Starting point is 01:56:08 And I just think to myself, you know, how can a guy be this desperate for pussy? And then I realize, do you think it's because he realizes that every day he wakes up may be his last? I don't know. Just a thought. What a sad, sad, sad little. man. I don't think that's true. I don't think John thinks he's going to die so. He thinks he's pumping up at the gym. He's in great shape. Why not go? Why not just go to your local
Starting point is 01:56:32 bar in these retirement communities and just meet a woman? Like, like, there's a lot lizards wandering around somewhere. Like, I don't, I don't mean like, no, no, I'm saying like John's age. I get it. Like, there's female John's hanging out of bars all there. That's true. that is true John has no game because he always was a celebrity so he didn't have to develop any game and now he's an ugly, trolley
Starting point is 01:57:01 broke loser so girls are not into that and then they go back to his house and it's a fucking disaster, it's cat shit over there. I know what it's like, John. All right, we should probably let slow wife out of her cage in a minute. I just got Timor real quick
Starting point is 01:57:17 for us. She's out of water. Oh my God. Did you hear what piano said about Carl on Stuttering John's podcast. Child, did you hear it? Chad Dumock said about merch on Kevin Brennan's
Starting point is 01:57:32 podcast. Chad Dumach he ain't shit. Ladies, you know where he really can find out about all this on who are these high schools? Formerly known who are this podcast before we jump the shark. Who are these high schools?
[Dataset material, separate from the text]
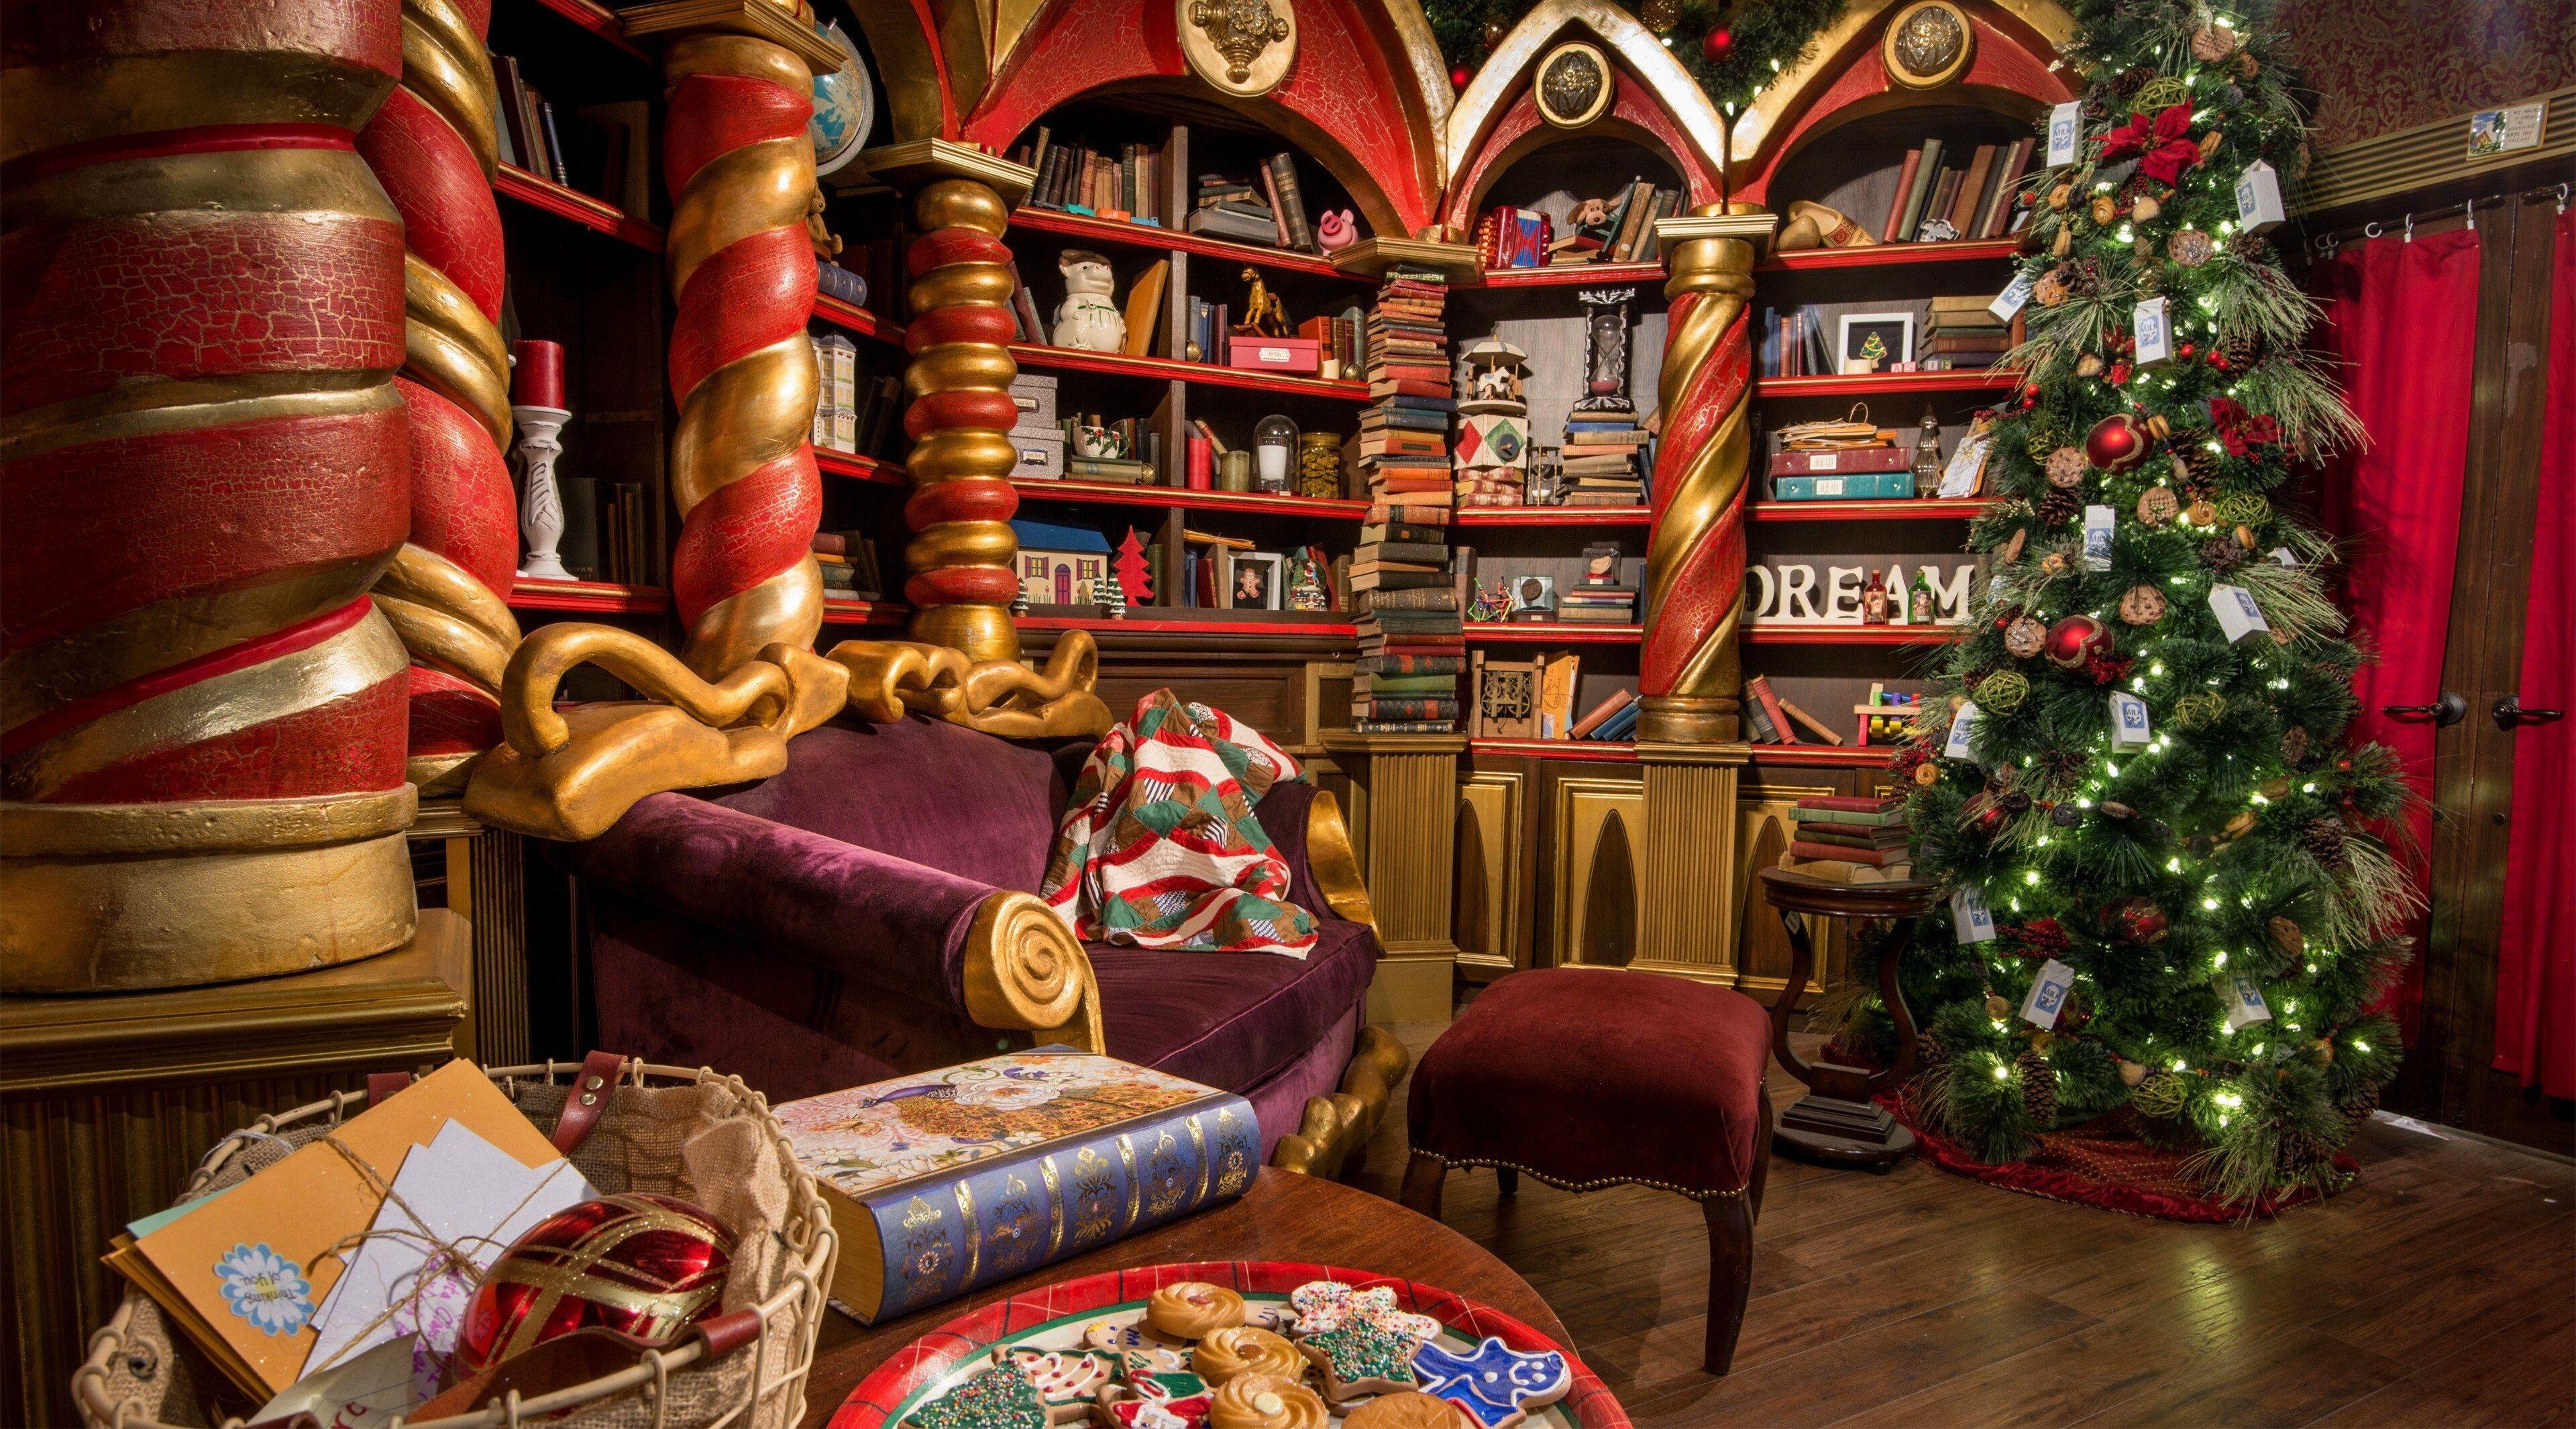 3840x2130 Christmas 4k Wallpaper Hd Background Santas Workshop Santa Experience North Pole Santa S Workshop

Okay.
Starting point is 01:57:47 Fair enough. I guess that's what I'm doing. I'm talking about what Chad is saying about Keanu or whatever. give that guy a comedy special. Beetle Deuce says, did Gino formally tell you you're not friends anymore? No, I've not heard from Gino directly. He just talks to me through his show that I only see because a clipper clips it. That's a weird way to communicate with someone who used to text with.
Starting point is 01:58:08 And you have to watch it in that window before he strikes it and hasn't taken down. Right. For me to even see that he's mad at me and wants me to respond to something. God damn it. All right. I think we've done enough here. It's been a fantastic show. I really appreciate Patrick.
Starting point is 01:58:22 for hosting us today. Thanks for having me having you. It was great. I got to go. Bye. I got to go. I got to go. I got to go.
Starting point is 01:58:35 Okay. Bye. Go fuck yourselves. Have a good week. Bye, Brennan. Bye. A plane has hit. I rewatched Carly.
Starting point is 01:58:49 Boom. Like his mom. Boom. That was a great episode. That was really great. Man, that was a good episode. That was a good episode. I enjoyed that.
Starting point is 01:59:04 Bye-bye, everybody. I love it. Uh-huh. Uh-huh. Listen, shut up for a second.